What's truly surprising is that this scratch-built model performs almost identically to highly optimized Scikit-learn's LinearRegression in terms of performance metrics like R-squared ($R^2$), Mean Squared Error (MSE), and Mean Absolute Error (MAE). Check out the detailed analysis in the Performance Analysis section.
The model also offers surprisingly fast performance, able to be trained for delevering predictions in under 0.2 seconds for 5332 datasets using pure Python. In fact, its been benchmarked (for training and delivering prediction) to run up to 1.9 faster than Scikit-learns implementation on smaller datasets just because of numpy warmup time, as shown in the speedtest.md file. However, performance significantly drops on larger datasets, where Scikit-learn's optimized implementation clearly outperforms the scratch-built model.
One line summary: Predicts house rent in Dhaka using a fully scratch-built ML pipeline with zero external libraries.
Table of Contents
- Engineering Against The Odds
- What Makes It Stand Out
- Performance Analysis Against Scikit-learn
- Location-wise Performance
- How Does It Work
- Why I Built Everything from Scratch
- How to Run
- Usage Example
- Further Tweaks
- Future Plans
- Author
- License
Engineering Against The Odds
This project embraces several unconventional engineering choices deliberately avoiding external libraries and modern frameworks to showcase the true power of raw Python and algorithmic fundamentals.
- Using ZERO external dependencies
Despite the common reliance on libraries like Numpy, Pandas, Scikit-learn, etc., this project builds everything from the ground up. That includes loading data from CSV files, displaying a download progress bar, training the model, preprocessing data, feature engineering, and even serving the web interface all using only Python's standard libraries. This truly demonstrates a strong grasp of core programming concepts.
- Unpredictability of house rents in Dhaka
House rental prices in Dhaka, Bangladesh, often don't follow straightforward mathematical patterns. Instead, they're heavily influenced by the socio-economic conditions of a specific location. For example, houses with identical specifications can command 2 to 3 times higher rents in affluent areas like Gulshan compared to Dakshinkhan. This project uses clever, domain-specific feature engineering to capture these unique, location-based patterns.

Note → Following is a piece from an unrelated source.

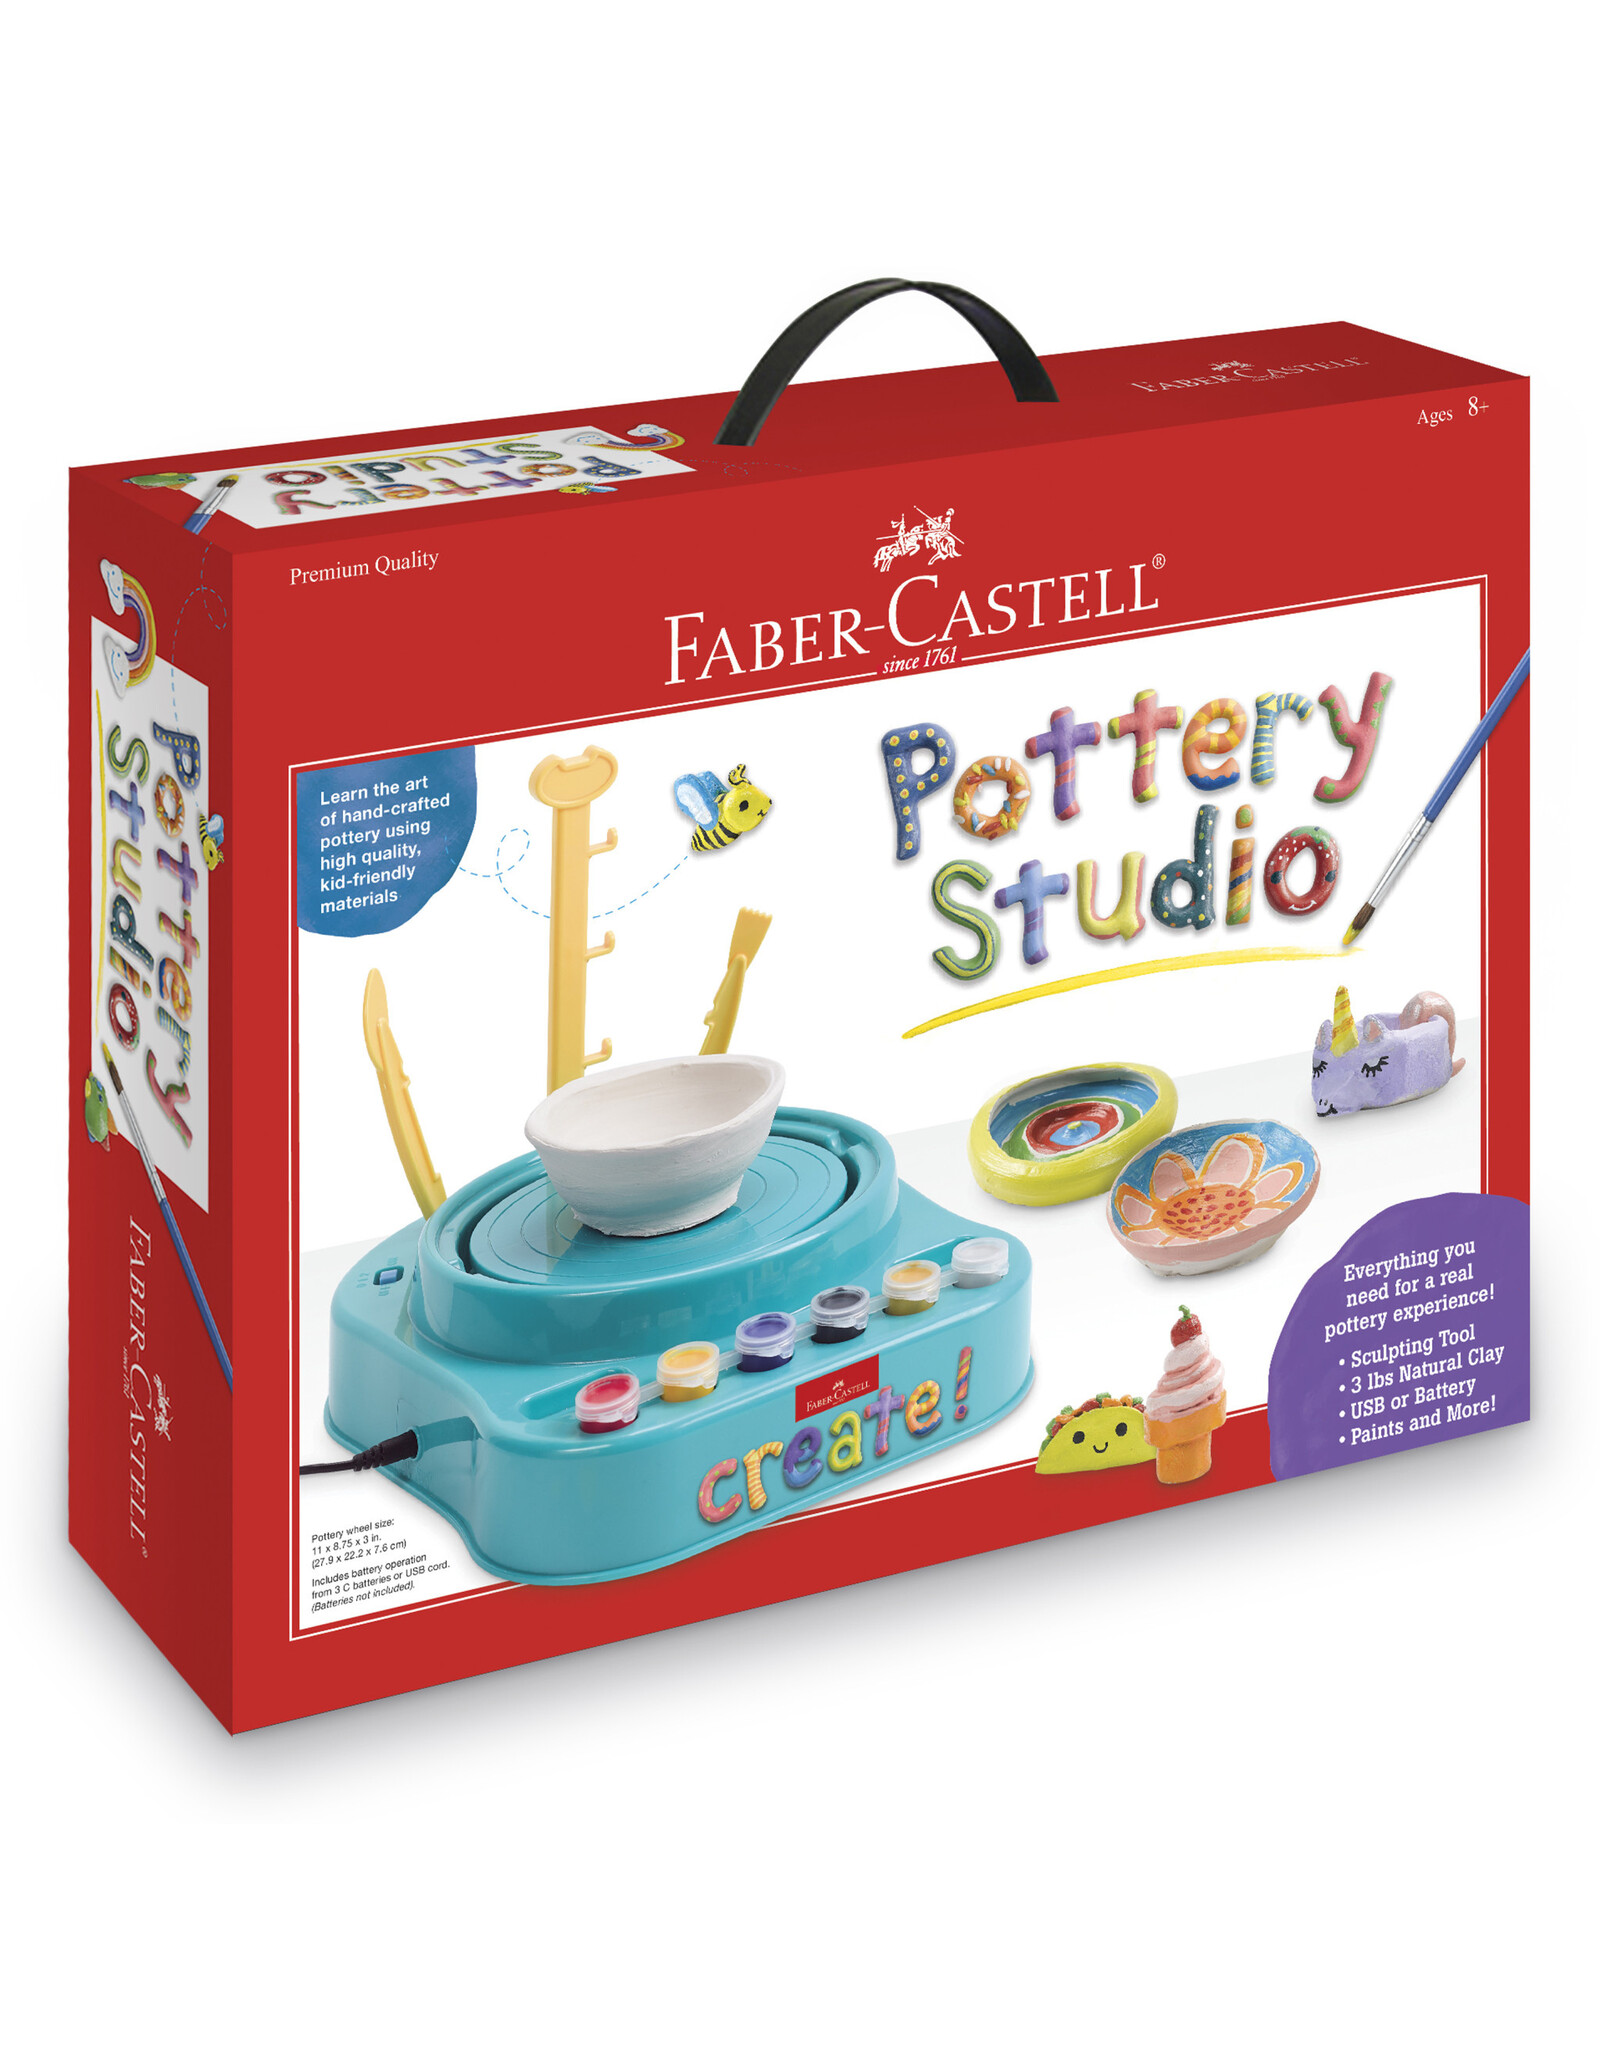 FABER-CASTELL Faber Castell Do Art Pottery Studio

- Server backend using http.server
While most web applications leverage robust frameworks like Flask or Django, this project showcases Python's built-in http.server module to create a simple, lightweight, and self-contained web server. This keeps the entire stack incredibly lean.
- Implementation of fundamental matrix calculations
Instead of relying on highly optimized external libraries for matrix operations, this project implements core matrix calculation logic for linear regression algorithm from scratch. This includes Gaussian Elimination (or Gauss-Jordan Elimination) for matrix inversion, and standard textbook methods for multiplication and transpose. This provides complete control over the mathematical heart of the model, proving its feasibility while still maintaining suitable performance for the dataset size.
What Makes It Stand Out
- Zero External Dependencies
From model training to the web interface and its backend everything is built using Pythons standard library only!

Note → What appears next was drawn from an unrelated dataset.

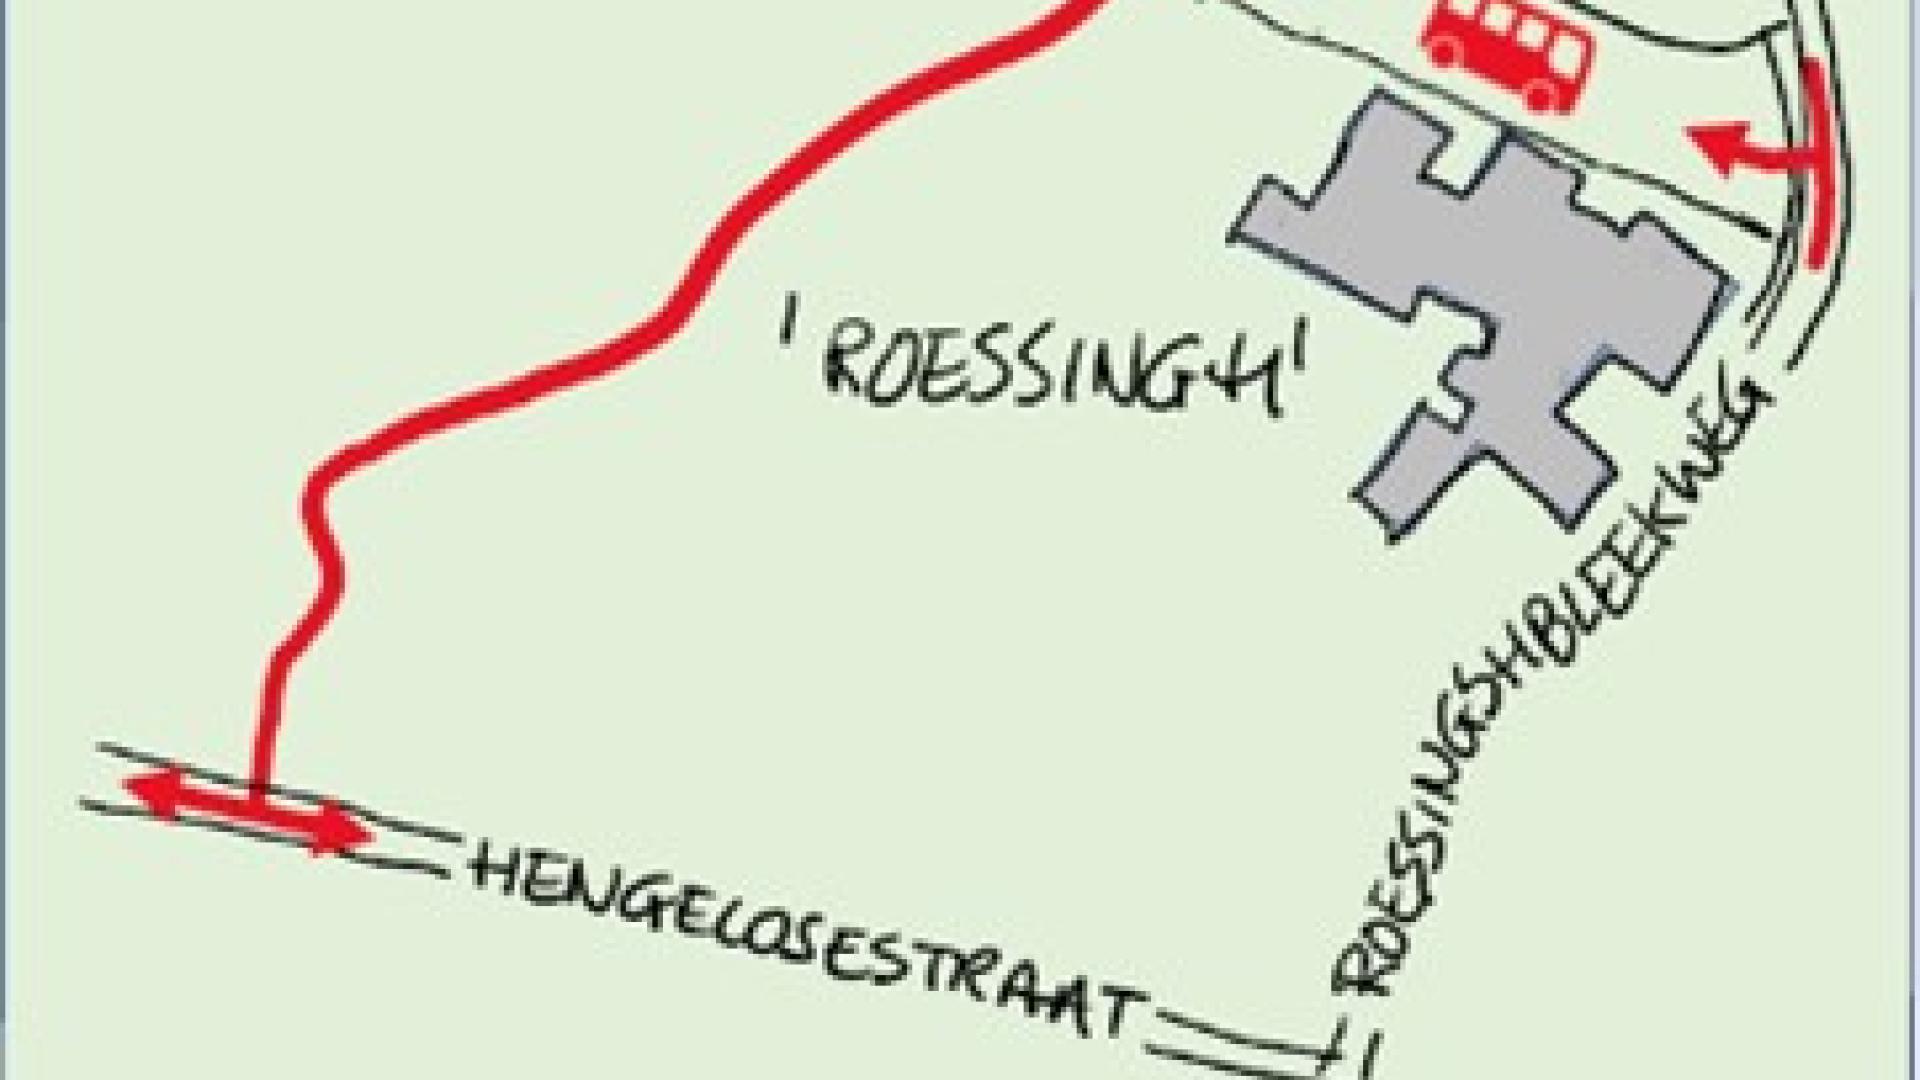 Roessingh

No Numpy, Pandas, or similar data manipulation libraries.
No Flask, Django, FastAPI, or other web frameworks.
Exclusively uses built-in Python libraries (e.g., csv, json, http.server).
No Scikit-learn, TensorFlow, or other machine learning libraries at all.
A minimalist pyproject.toml confirms zero external runtime dependencies.
- Domain-Specific Feature Engineering
The project incorporates a feature engineering step that groups data based on location. This is absolutely crucial for capturing the unique characteristics of each area, which significantly drive rent prices in Dhaka.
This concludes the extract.